Hace apenas unas semanas, el cardenal Robert Francis Prevost fue nombrado como el nuevo pontífice de la Iglesia Catolica. Y bastó un segundo para que medios, creyentes y todo mundo comenzara a referirse a él con su nuevo nombre eclesiástico: Papa León XIV.
Nadie dijo “¿no me voy a confundir si ahora le digo distinto?”, “para mí siempre será Robert”, y mucho menos “lo respeto, pero lo seguiré llamando Robert Prevost”. Simplemente lo aceptaron. Lo respetaron. Lo nombraron como pidió ser nombrado. Y ahí es cuando nos preguntamos: ¿por qué sí es tan fácil respetar eso cuando se trata de una persona que se ajusta a la heteronormatividad, pero cuesta tanto trabajo cuando se trata de la comunidad LGBT+?
El peso del prejuicio
No es raro que cuando una persona trans comparte su nuevo nombre, haya quien insista en seguir usando su deadname (el nombre que usaban antes de su transición). A veces lo hacen por ignorancia, otras por terquedad o hasta con mala intención.
Lo mismo pasa cuando una persona no binaria pide que se usen pronombres neutros, o cuando alguien decide usar un diminutivo o cambiar su nombre por algo que le hace sentir más auténtique. De repente, todo el mundo olvida cómo funciona el respeto.

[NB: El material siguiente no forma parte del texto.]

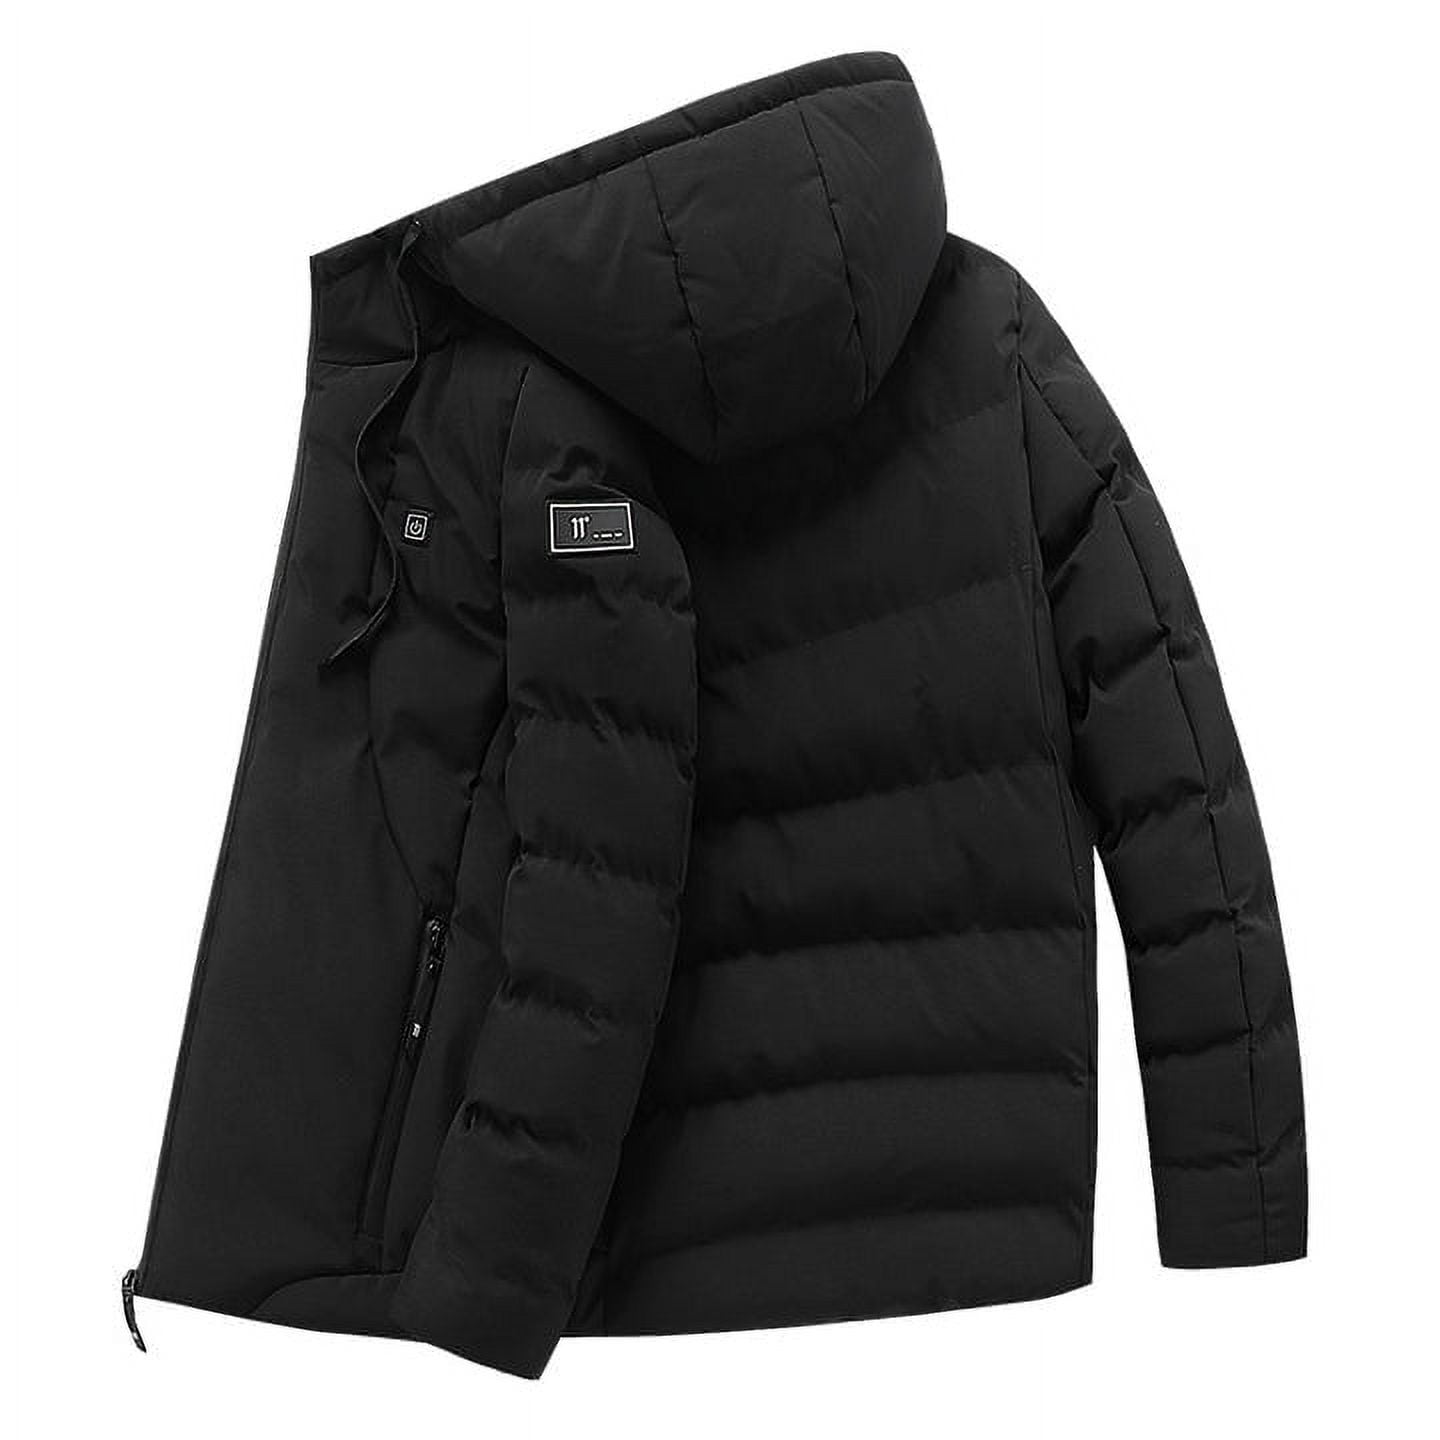 Kemimoto Men's Heated Jacket Coat,Full-Zip Long Sleeve Heated Jacket ...

¿Y cuántas veces hemos escuchado frases como: “pero es que me cuesta trabajo acostumbrarme”, “siempre se llamará así para mí”, “es que así está en sus papeles”,
o peor, “yo respeto, pero no voy a cambiar cómo le digo”?
En cambio, a los papas se les respeta el nuevo nombre de inmediato. A los artistas cuando eligen un nombre artístico, también. Incluso cuando figuras públicas hacen un cambio de nombre por razones personales, religiosas o profesionales, rara vez alguien se resiste. ¿Entonces por qué cuando se trata de identidades queer, no se aplica esa misma lógica?
No es un capricho, es identidad
Y sí, sabemos que algunas personas podrían decir que no es justo comparar el cambio de nombre de una figura religiosa con el de una persona trans. Pero en realidad, esa comparación es totalmente válida porque lo que está en juego es exactamente lo mismo: el derecho a ser nombrade como une decide ser nombrade. La diferencia está en cómo la sociedad reacciona ante ese derecho según quién lo ejerce.
Y no, no es solo por la fama o el poder, porque incluso personas trans muy conocidas siguen enfrentando la negación de su identidad. Elliot Page tuvo que corregir entrevistas y publicaciones donde usaban su deadname. Hunter Schafer ha sido cuestionada sobre su identidad como si fuera un tema de debate. Entonces, lo que tenemos no es un problema de falta de comprensión, sino de transfobia interiorizada.
Nombres que son identidad
Para las personas trans y no binarias, su nombre no es un capricho, es una afirmación de su existencia, de su identidad, de su historia. Y respetarlo no es una concesión ni una cortesía, es un acto mínimo de humanidad. Llamar a alguien por su nombre correcto es validar que existe como quiere y necesita existir.
Lo se pide no es un acto heroico, ni siquiera es complicado: es simplemente decir los nombres como son. Reconocer a las personas por cómo se nombran, por cómo se presentan ante el mundo. No hay nada más básico que eso en términos de respeto.
El respeto no es selectivo
Si respetamos los nombres artísticos, los nombres religiosos, los nombres que elegimos cuando nos gusta más usar nuestro segundo apellido en redes, o incluso los nombres que nos inventamos para videojuegos, entonces no hay excusa para no respetar el nombre de una persona queer.
Porque no se trata de lo que te suena raro, sino de si tienes la empatía y la conciencia de que ese nombre puede ser la diferencia entre la violencia y el respeto, entre la invisibilización y la afirmación.
Antes de decir que “te cuesta trabajo”, que “siempre será ese nombre para ti”, o que “es muy complicado”, piensa en todos los nombres que has aprendido a decir sin problema: artistas coreanos, personajes de anime, escritores escandinavos, papas con numeración romana.
Si tan fácil se acepta que un hombre que entra al Vaticano como Robert Francis salga como León XIV, entonces también podemos —y debemos— aceptar que alguien se llame como lo desea. Sin preguntas. Sin burlas. Sin peros. Porque sí, respetar el nombre de alguien es respetar su identidad. Y eso, en realidad, no tiene nada de difícil.